Balancing motivators to create unique experience
The Core Drivers are placed in the octagon shape not just because it looks cool. There is another reason for that. If you take a closer look, you will notice that motivators on the left side of the figure are associated with logic and calculation. Those are Extrinsic Motivators which make you want to obtain something, whether it is an item, resources, or any achievable goal.
On the right side of the octagon, accordingly, you will find Intrinsic Motivators, which do not require a goal or any form of material reward. These motivators presume that the engagement in the process itself to be a reward like expressing your creative nature, socializing with friends, or feeling the thrill and suspense.
Source: reserarchgate.net
But wait, there is more! The upper side of the figure is all about positive motivators, or so-called White-Hat Gamification. They push you further, make you feel you’ve got the power to master any skill and to overcome any difficulties.
The Black-Hat Gamification motivators at the bottom of the octagon exploit our fears of losing something, feeling a constant shortage of resources, or not knowing what is going to happen next.
But don’t think of them as something 100% good or bad. Just like the white-hat motivators make you believe in yourself and your skill, the black-hat motivators are here to put your skills to the test.
Main challenges when implementing game elements
Despite all the advantages game elements may offer, they alone cannot guarantee your success. Neither do they act as a dash of magic sprinkles that will make people love your product or cover all the glitches and bad design.
Users forced to interact with your product because they have no choice will only seek an excuse to abandon it as soon as they get an alternative. To capture their attention, make sure to make them engage with your product not because they have to, but because they want to.
So make sure you keep the following information in mind when incorporating the gamification elements into your product:
- Motivate – not manipulate. Enable users to have fun when doing mundane tasks, but avoid forcing them to do things they don’t want to.
- Mind the balance. Do not sacrifice the purpose of your product to the features you want to implement. No matter how cool they are, sometimes enough is enough.

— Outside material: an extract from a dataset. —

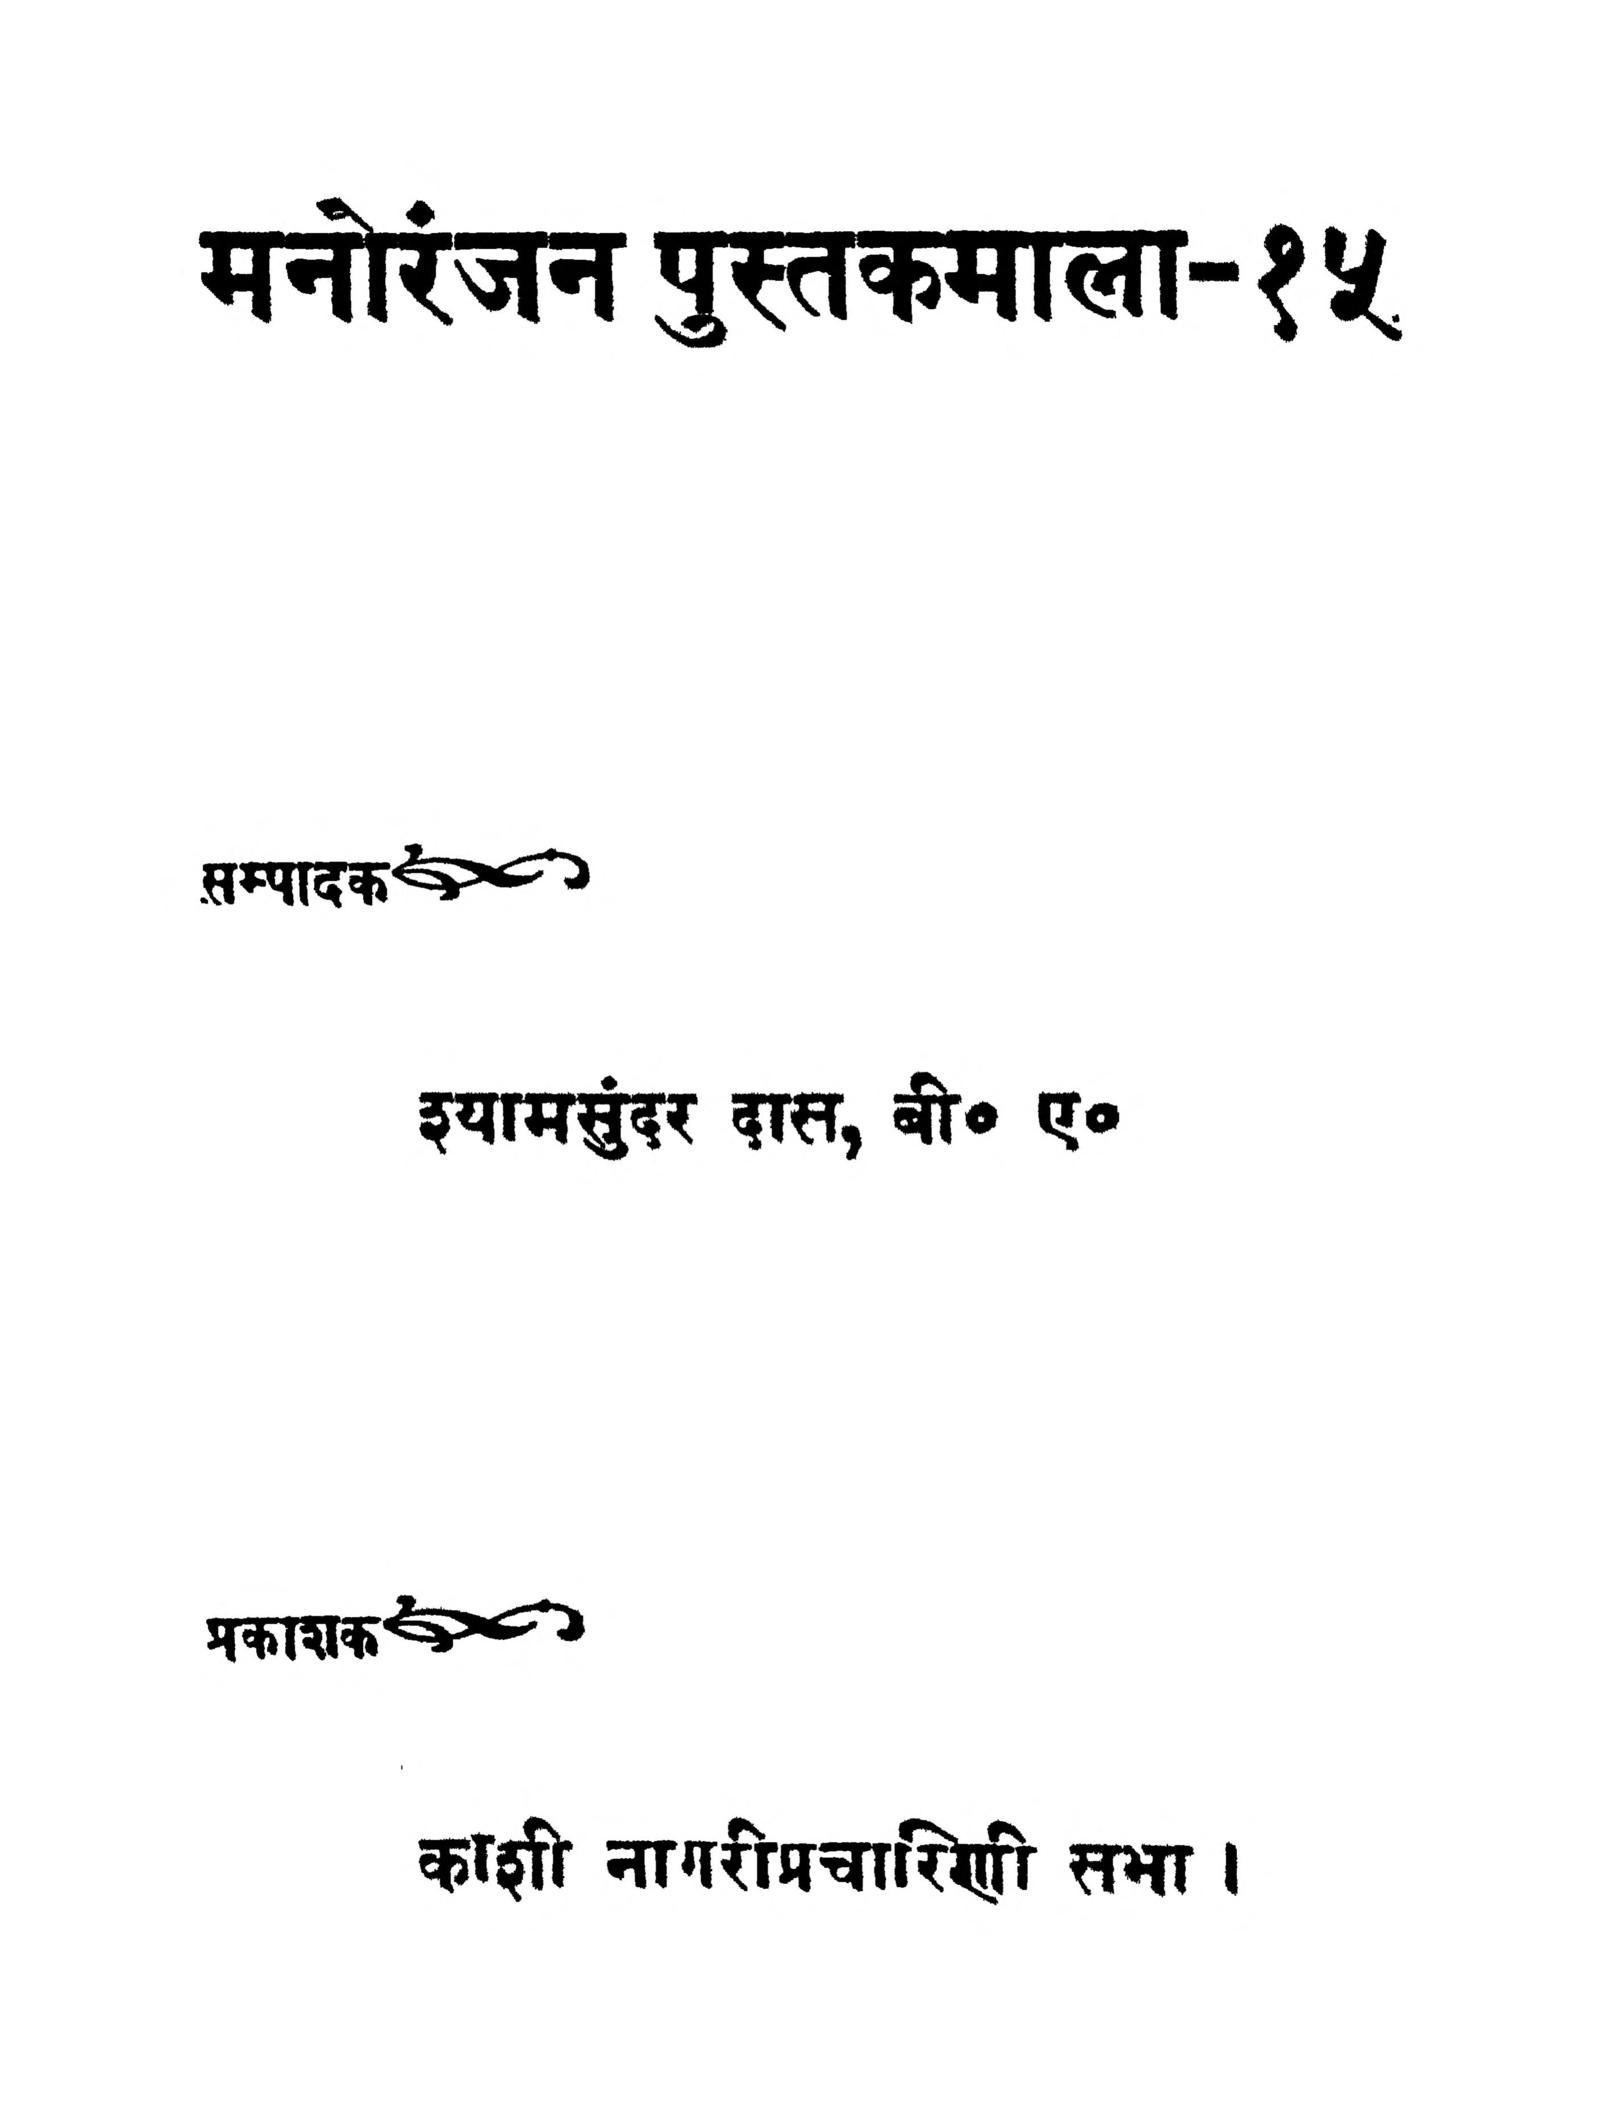 Book Image : मनोरंजन पुस्तकमाला 15  - Manoranjan Pustakmala 15
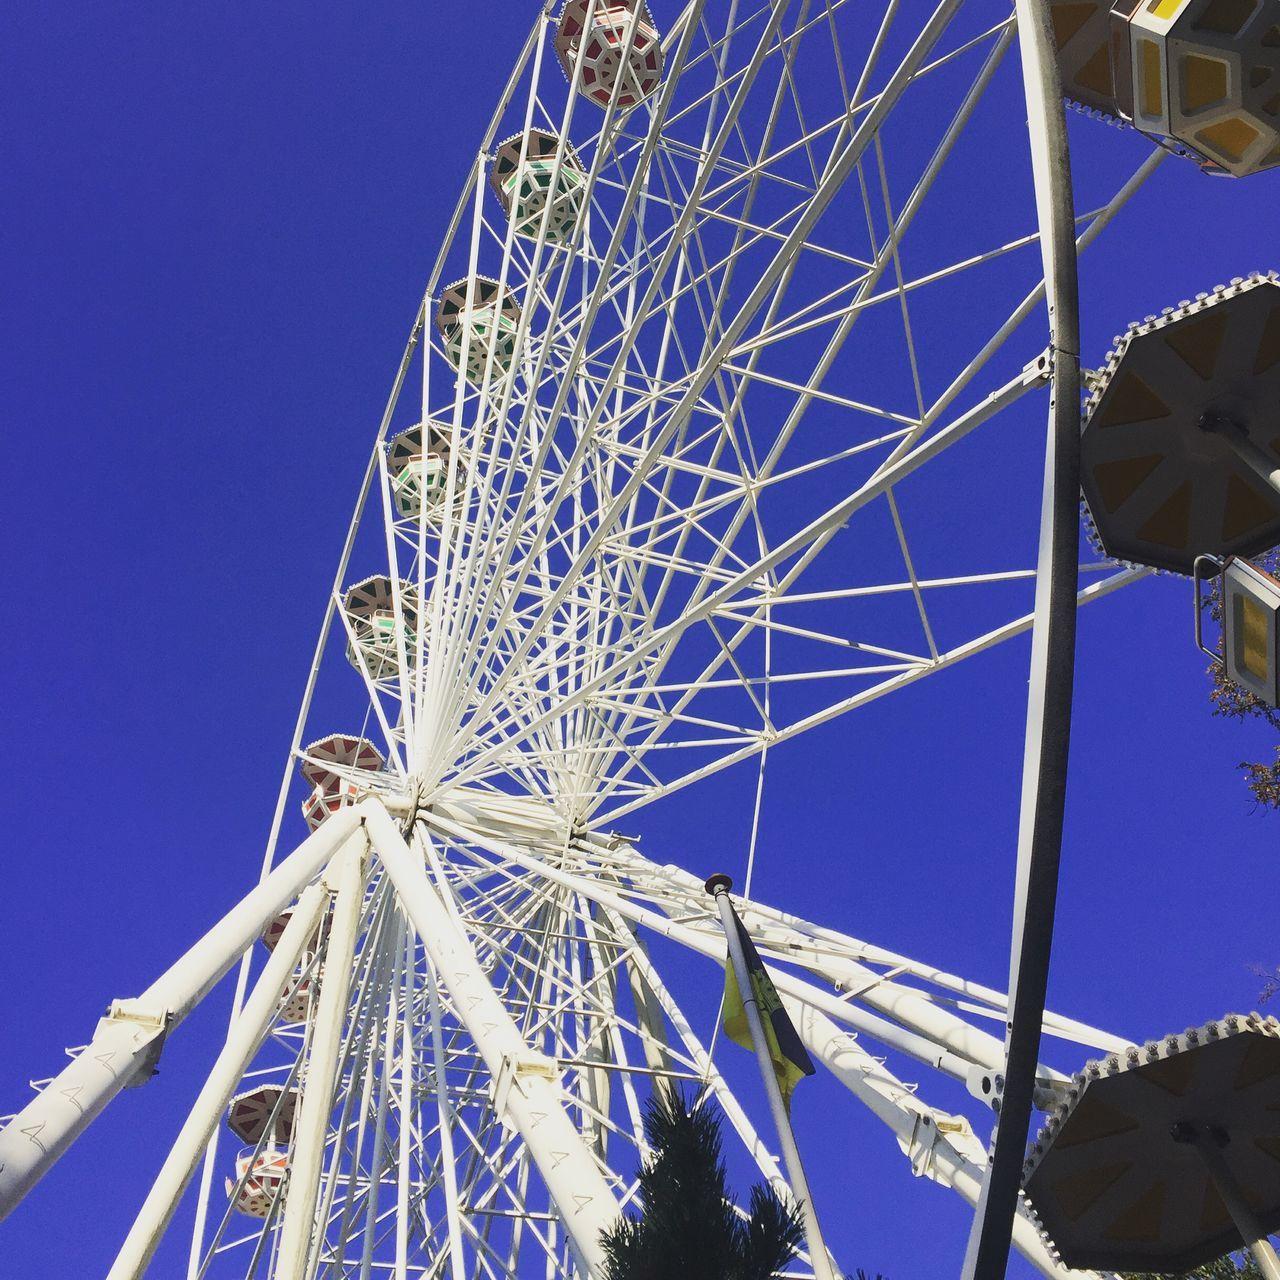 Amusement Park Big Wheel Blau Blue Ferris Wheel Himmel Riesenrad Sky Vergnügungspark

- Make a good product. Game elements won’t bring you any success if your solution is not good per se. Unless it is a game you are working on.
Before applying gamification elements to your product, don’t forget to experience it from a user perspective. Does the environment you develop your product for will benefit from the challenge-oriented approach? Maybe you should let users create a sandbox of their own and empower cooperation? Gamification is all about a unique experience and finding the right combination of different types of motivators may greatly improve your product.